Because result of the expression a * b exceeds the range of byte the type is promoted as int.

Conditional Statements and Looping

if, else & else if

if, else & else if is used to run the code based on some condition.

int age = 19;
if (age >= 18) {
    System.out.println("You can Drive!");
} else if (age < 18) {
    System.out.println("You can't Drive!");
} else {
    System.out.println("Invalid Age!");
}

if first condition matches then It’ll print the message "You can Drive!". else second condition matches then It’ll print the message "You can't Drive!". If none of above condition matches It’ll print the message "Invalid Age!".

While, Do-While, For & ForEach Loop

Loops are used to run code iteratively. You’re required to provide base condition that define when to exits the loop. Otherwise there will be infinite looping and eventually leads to segmentation fault.

While Loop

int age = 0;
while(age != 18) {
    age++;
}
System.out.println("Your age is 18!");

Do-While Loop

int age = 0;
do {
    age++;
} while(age != 18);
System.out.println("Your age is 18!");

No matter what, Do-While Loop at least execute once. because it first run the code once and then check condition and run the code again until condition is unsatisfied.

For Loop

int age = 0;
for(int i = 0; i < 18; i++) {
    age++;
}
System.out.println("Your age is 18!");

Syntax for For loop consist of three parts, initialization; condition; increment/decrement.

ForEach Loop

int [] array = { 10, 20, 30, 40, 50 };

for(int value : array ) {
   System.out.println(value);
}

ForEach loop generally used with array or list. It will pickup elements from array one by one util it reaches the end of the loop.

Classes and Objects

Class is blueprint of objects. Class contains member variables & methods. We tends to wrap the entity with their attributes and behavior together in form of class.
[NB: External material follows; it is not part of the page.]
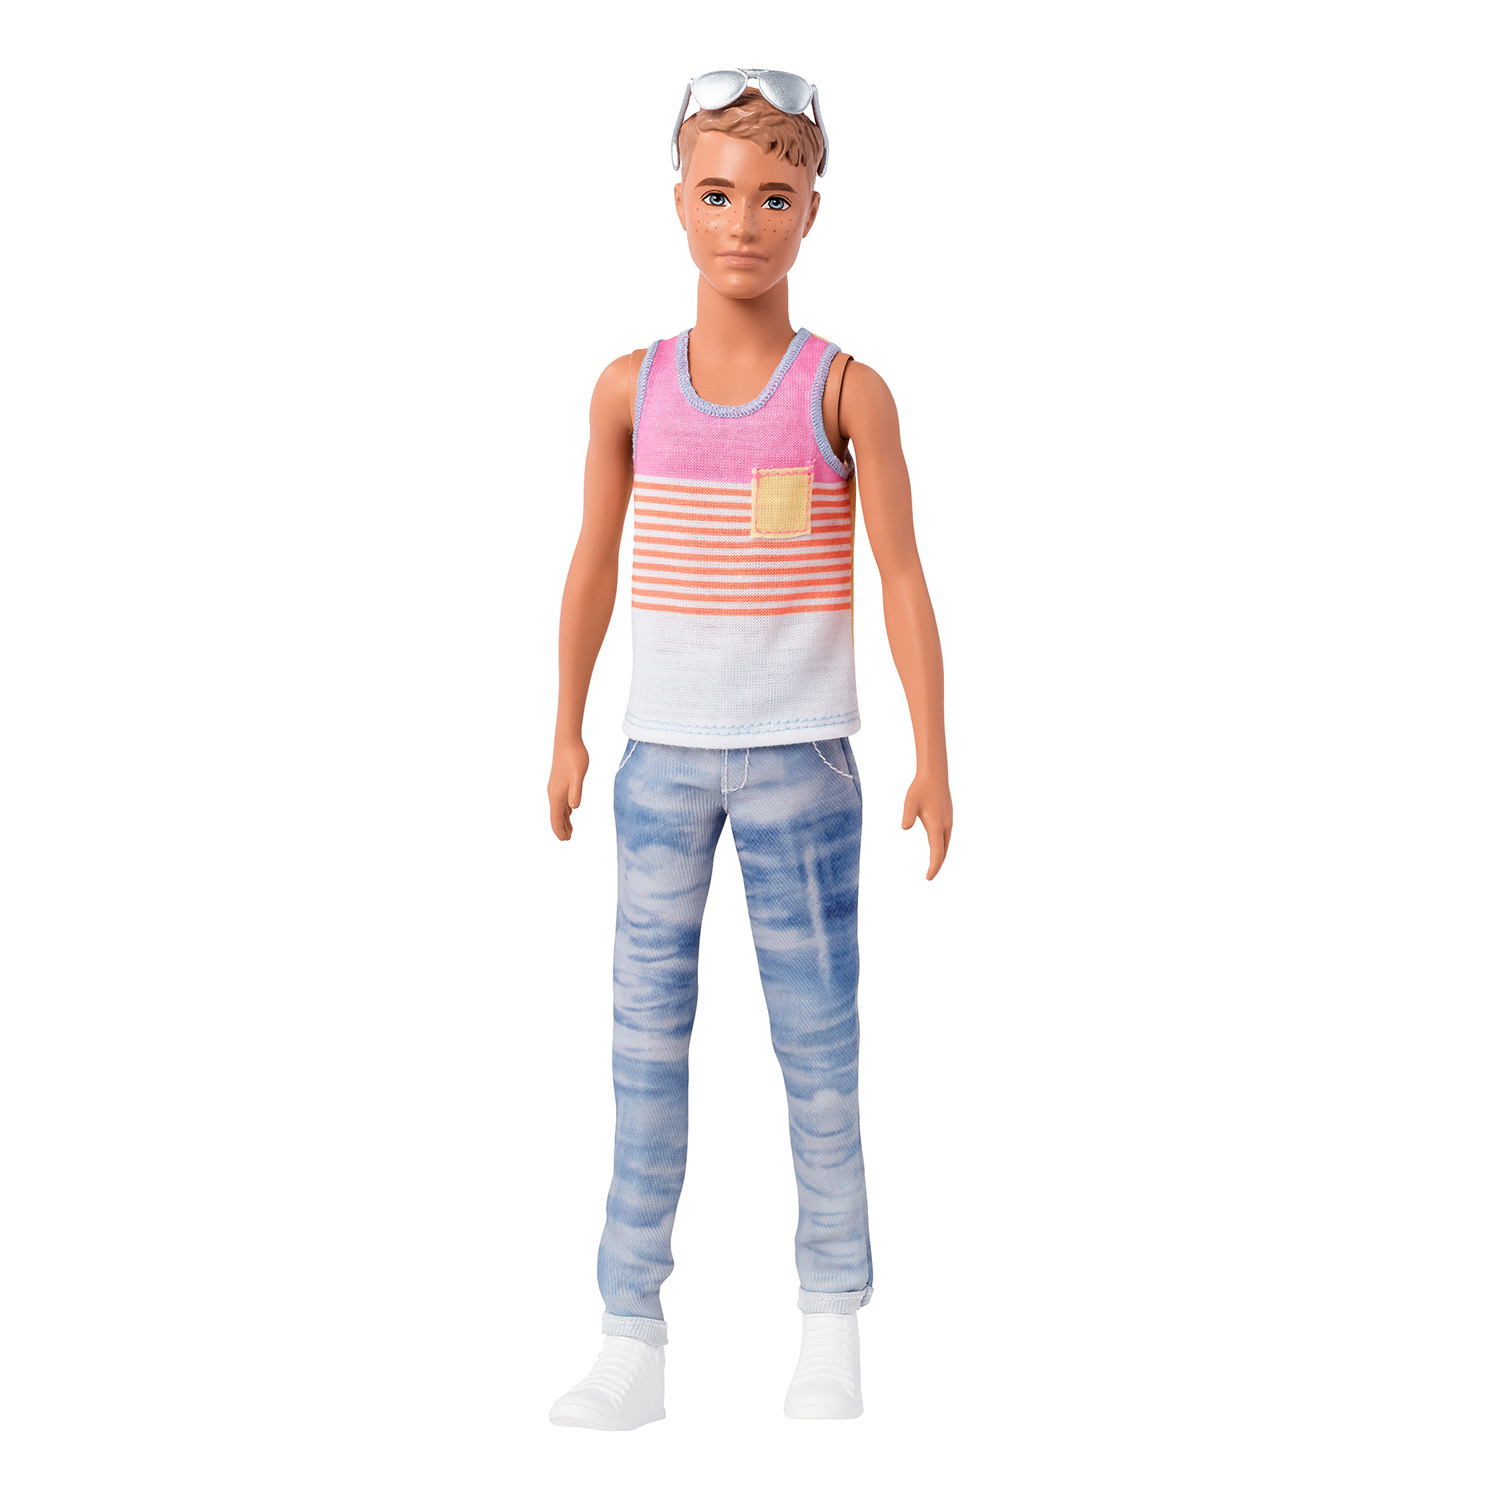 Кукла Barbie Игра с модой Кен FNH43 DWK44 - фото 4

e.g. Car which has attributes as gear, steering, engine, tires etc. and Behavior as moving steering left and right, changing gear, rotating wheels etc.

/* Calculator.java */

class Calculator {
    // Instance Variables
    int number1;
    int number2;

    // method
    public int add() {
        return a + b;
    }
}

/* Main.java */
public static void main(String [] args){
    Calculator cal = new Calculator();
    cal.number1 = 10;
    cal.number2 = 20;
    int result = cal.add();
    System.out.println(result);
}

We created object cal of class Calculator and assign values to the member variables and run the method add of the class Calculator.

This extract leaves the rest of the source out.